As explained in Working With Clients, designated agency is a special statutory form of dual agency. By statute, however, only the principal broker becomes a disclosed limited agent. The listing and selling agents represent only the party with whom they already have an agency relationship. ORS 696.815(4). Under the statute, the brokers acting as designated agents "continue to represent only the party with whom the broker has an agency relationship unless all parties agree otherwise in writing." Because the designated agents continue to represent only the principal they already have, their representation is "exclusive" for purposes of filling out the final agency acknowledgment.
return to top Financing
Financing is at the heart of the real estate business. Indeed, it is fair to say that without modern real estate financing, the real estate industry simply would not exist as it does today. It is the leverage financing provides that makes it possible for a significant percentage of the population to own their own homes. Accordingly, financing is a critical part of almost every residential real estate purchase.
The central and critical nature of financing is usually reflected in real estate forms. In California, for instance, the residential real estate form used by REALTORS? contains more than two pages of financing provisions. In Arizona, the REALTOR? sale form is supplemented by a standard Financing Options Addendum that covers everything from a new conventional first loan to seller financing. Whether in the form of a separate addendum or not, real estate finance provisions tend to be pretty standardized.
Finance provisions typically benefit the buyer by protecting them from being required to perform the contract if they cannot obtain the necessary financing prior to the closing date. Sellers, however, are as interested in the financing provisions as are buyers. It is for this reason financing provisions are usually written to address both the concerns of the buyer and the concerns of the seller. Buyers tend to be concerned about the details (interest rate, points, etc.) of the loan. Sellers, on the other hand, are usually more interested in the loan process than details of the loan.
To protect the buyer, financing provisions in form contracts usually specify the amount of money the buyer wants to borrow, the term of the loan, the type of loan (fixed, adjustable, conventional, VA, etc.) and the maximum interest rate and points. To protect sellers, financing provisions typically specify that the buyer must apply for the loan within a fairly short period of time following acceptance, use best efforts to obtain the necessary loan and notify the seller of conditional approval of the loan within a specified period of time. A simple way to accomplish seller notification of loan status is to require the buyer to provide the seller with a loan application status form. The Oregon Residential Loan Application Status form, developed by Oregon lenders and the Oregon Association of REALTORS, is such a form. Click HERE to download a copy of the loan status form. It is the felt need to balance the interests of the buyer and the seller that makes finance contingencies both lengthy and important.
Whether representing the buyer or seller, an agent should be familiar with and able to explain to their client the finance provisions of the form contract they use.
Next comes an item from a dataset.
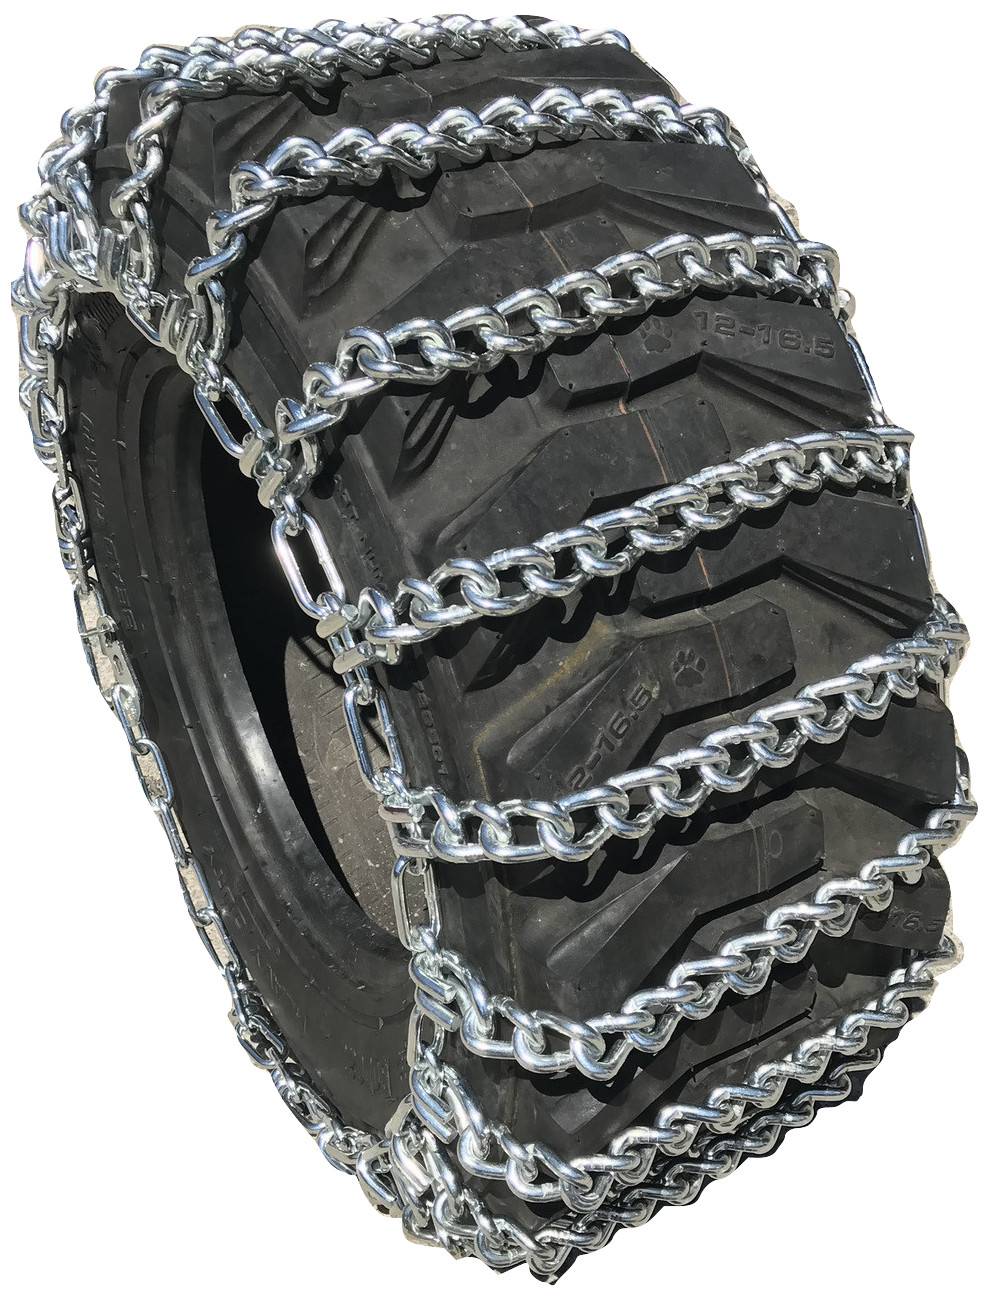 275//45 21 ONORM Diamond Tire Chains Set of 2 TireChain.com 275//45R21

Most form contracts make the entire transaction contingent upon the buyer obtaining "the loan" they need to meet the purchase price. For that to work, the details of "the loan" must be spelled out in the financing provisions. If not, bitter fights over earnest money (when the buyer fails to close for want of financing) are inevitable.
A seller, off the market for months while waiting for word that the buyer has the money they agreed to pay as the purchase price, will usually not be very understanding when, on the day of closing, the buyer announces they couldn't get a loan after all. It is to prevent these kind of late-in-the-day surprises that most finance provisions in form contracts spell out the exact terms of the loan sought, require early loan application, best efforts and some sort of conditional approval letter from the buyer's lender prior to closing. Where the form contract does not spell out financing details, agents should consider a separate standard financing addendum that does.
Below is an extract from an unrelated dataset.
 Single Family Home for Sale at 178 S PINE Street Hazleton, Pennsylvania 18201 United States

The failure to spell out financing details in the contract may disadvantage the buyer or the seller or both. For instance, if the contract is made contingent on the buyer obtaining a loan without regard to amount, type, interest rate, points or other factors, a seller may claim the buyer's withdrawal in bad faith because a loan could have been obtained by simply paying more. On the other hand, if the transaction is made contingent on the buyer obtaining a loan "satisfactory to buyer" or one of "buyer's choice," the seller may find they have been off market with no recourse if the buyer simply changes his mind. Financing provisions in form contracts are about balancing these needs.
return to top Title
The object of a real estate transaction is the transfer of legal title to the property. This is done by a "deed" from the seller to the buyer. There are a number of different kinds of deeds depending on the title warranties the seller can or is willing to make. Generally, residential real estate is transferred with what is called a "statutory warranty deed." If something less that a statutory warranty deed (quit claim, bargain and sale, special warranty deed, trustee deed, etc.) is proposed, the buyer should be advised to seek legal counsel.
A "warranty deed" is a deed in which the seller guarantees (warrants) the chain of title and their ability to transfer full rights in the property. In a statutory warranty deed, the warranty is set out in statute and, therefore, clearly defined. In Oregon, as in the rest of the Western United States, the title to real property is usually insured at the time of transfer. Title insurance protects both the buyer and the seller.
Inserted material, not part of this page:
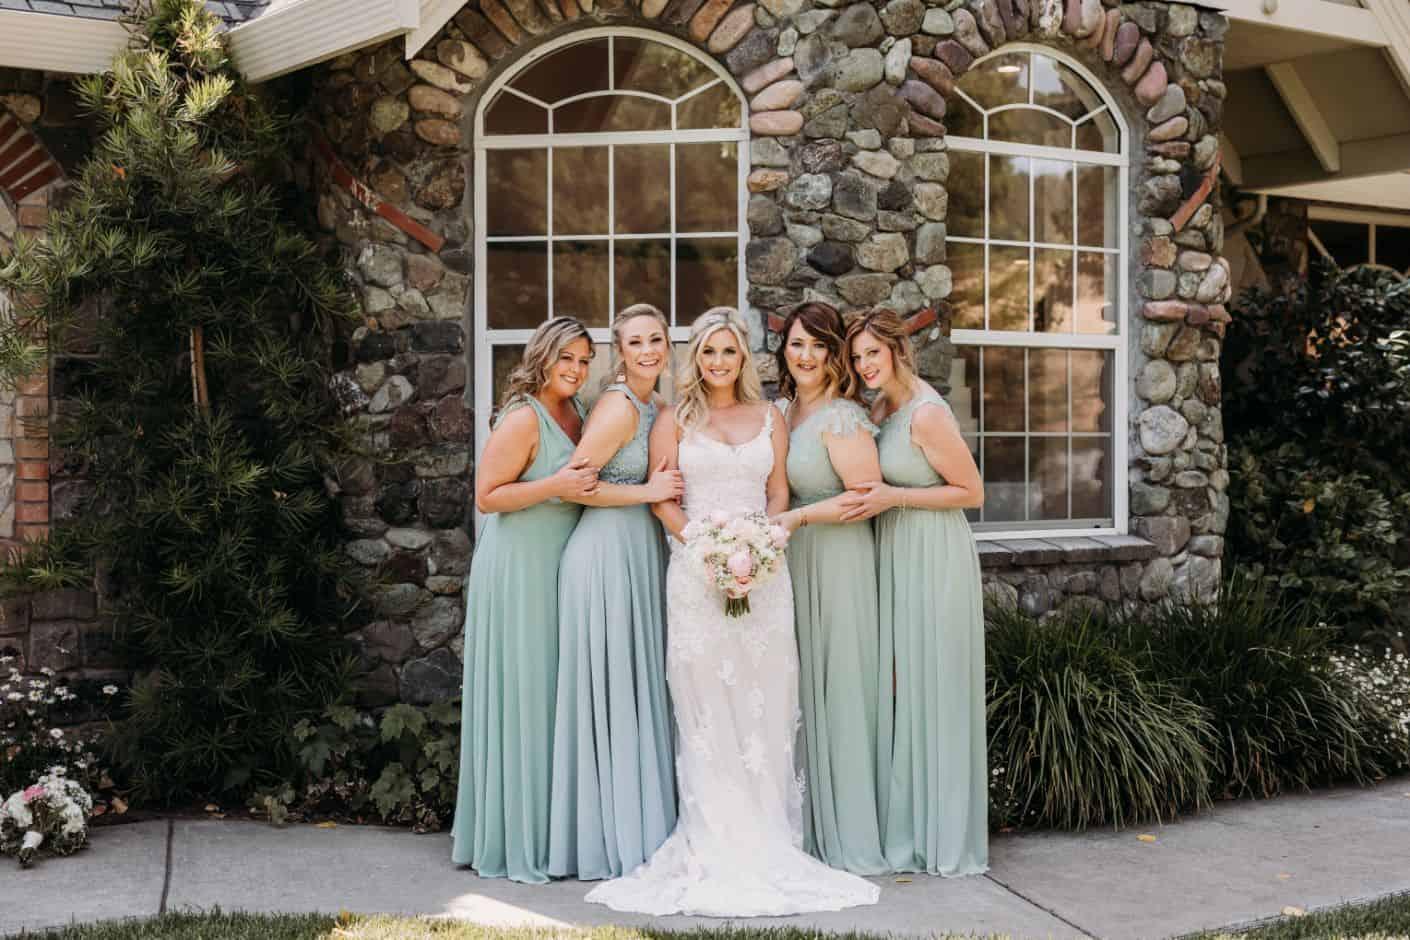 8 photo opportunities rustic mountain house estate weddingi venues northern california

Standard real estate forms contain "title insurance" clauses. For the most part, these clauses contain "contingencies with cure" provisions. A contingency with a cure provision is one in which the buyer can object to the state of the title but cannot cancel the contract if the objections can be cured by the seller. Objection and cure deadlines are common and must be understood and met. An agent should always know and explain these deadlines to their client.
In order to object to the state of the title, the buyer must know the state of the title. That is the purpose served by the preliminary title report issued by the title insurer named in the contract. The seller's prompt delivery of a preliminary title report and copies of any covenants, conditions or restrictions (CC&Rs) is an important term of any title contingency clause. The report and CC&Rs will tell the buyer of any defects, exceptions or limitation affecting the seller's title to the property.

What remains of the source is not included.